Oh, and btw? If you’re taking all that happiness and excitement and channeling it into your relationship with me? You can take all that shit and shove it up your ass; I don’t want anything having to do with your affair- good or bad.
9. But Sometimes Honesty IS Better
Yes, Virginia, couples can recover from an affair. I’ve known a number of people who’ve admitted infidelity to their spouse. And after a period of intense anger, separation and/or couples therapy, I’ve seen a number of these couples fix the holes of their relationship to become stronger, more intimate and more committed than when they first got together.
Over on Chump Lady, they call those couples unicorns because they are so very rare. Generally what you are seeing are people, both husbands and wives, who don’t want to lose half of their net worth. You see people who don’t want to lose their cushy lifestyle, people who want to be taken care of while they fuck other people. You see people who want to present their picture perfect family life to others while they fuck anything that moves. You see people who love the idea of two people fighting over them. You see lying and gas lighting and blame shifting and head games and trickle truth. You see people who, in other words, want to have their cake and eat it, too.
Very few couples honestly make it through the devastation of infidelity. The relationships are never the same and I don’t think many of them are stronger for it. Do some of them make it? Sure. Are some of them stronger now? Absolutely. But I wouldn’t bet on it. In fact, although I still believe everyone needs to make up their own mind on how to handle infidelity in their relationship, if I’m being honest I would advise leaving. Too many sunk costs. Too high of a risk.
10. One-Way Cheating Rocks
There are many benefits to single-sided cheating. For me, right or wrong—remember, no judgment here—it was a hell of a lot easier to have a clear conscience during the affair. Another benefit of being single is it allowed me—during late night crying fits fueled by loneliness, or lack of a sext in 24 hours—to remind myself that my married lover was a lying scumbag* and that I deserved someone better anyway. (If you’re cheating on someone too, this angle just won’t work as well.)
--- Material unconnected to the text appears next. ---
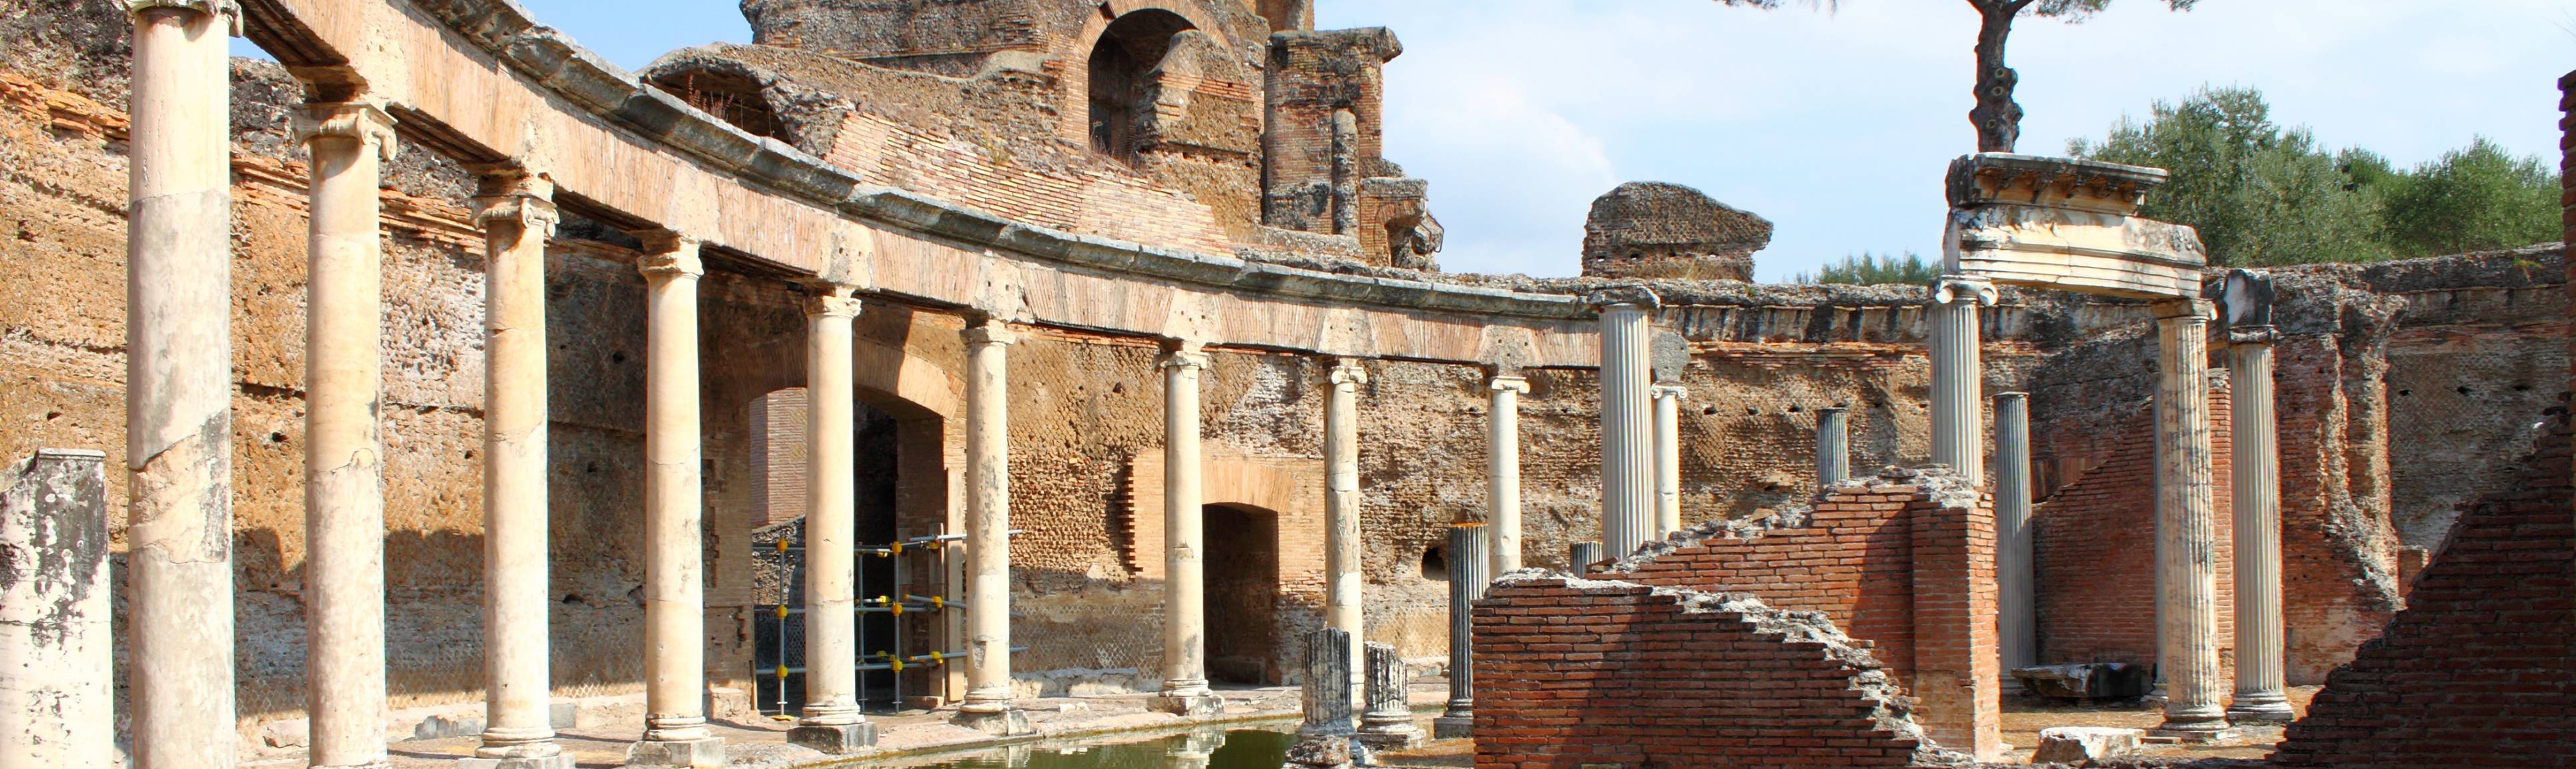 Columns surround Naval Theater at Hadrian's Villa near Rome

*Okay, so I am capable of a little judgment. But it was temporary.
Parker, you were not an innocent party in this. It takes two to fuck. You were a part of that. It doesn’t matter that you weren’t married to his wife. You knew fucking her husband was wrong and yet you did it anyway. Did you break vows? No. Did you do a shitty thing to an innocent person? Absolutely.
11. Sigh… Single or Not, You’re Not Really Innocent
For most of my affair, I enjoyed my clear conscience. Whenever culpability crept up on me, I easily reminded myself that he was the liar, and sometimes would even blame his wife for choosing not to know. (Again, see No. 4.) But eventually I realized that despite being single, I wasn’t innocent. (Turning this philosophically more enlightened corner really sucked.) I clearly wasn’t as directly involved in betraying my lover’s family as he was, but I certainly played a part in the deceit. It’s not something I feel good about. But it’s something I have to live with. Forever.
There we go! Now you’re getting it!
12. You Can Probably Never Trust a Cheater
My lover and I frequently fantasized about the happy life we were meant to have together as two sexually, intellectually and spiritually compatible people. Yet, deep down, I knew if he ever did leave his life—during our affair or later—I could never trust him. Every business trip, every late night out with the boys, no matter what he told me, I’d wonder. (As a gut truster, I’d definitely bust his ass, too.) Maybe if he’d only cheated with me, I’d have felt differently, but I knew he had a history. And I’m pretty sure he’d still be seeing me now if I let him. That said, there are always exceptions. (See No. 9.) And for me, the most important one was my own. I ended my affair because I didn’t want to be a cheater anymore. And that was my greatest lesson.
Oh don’t worry, Parker; I’m sure you were super duper special. All affair partners are.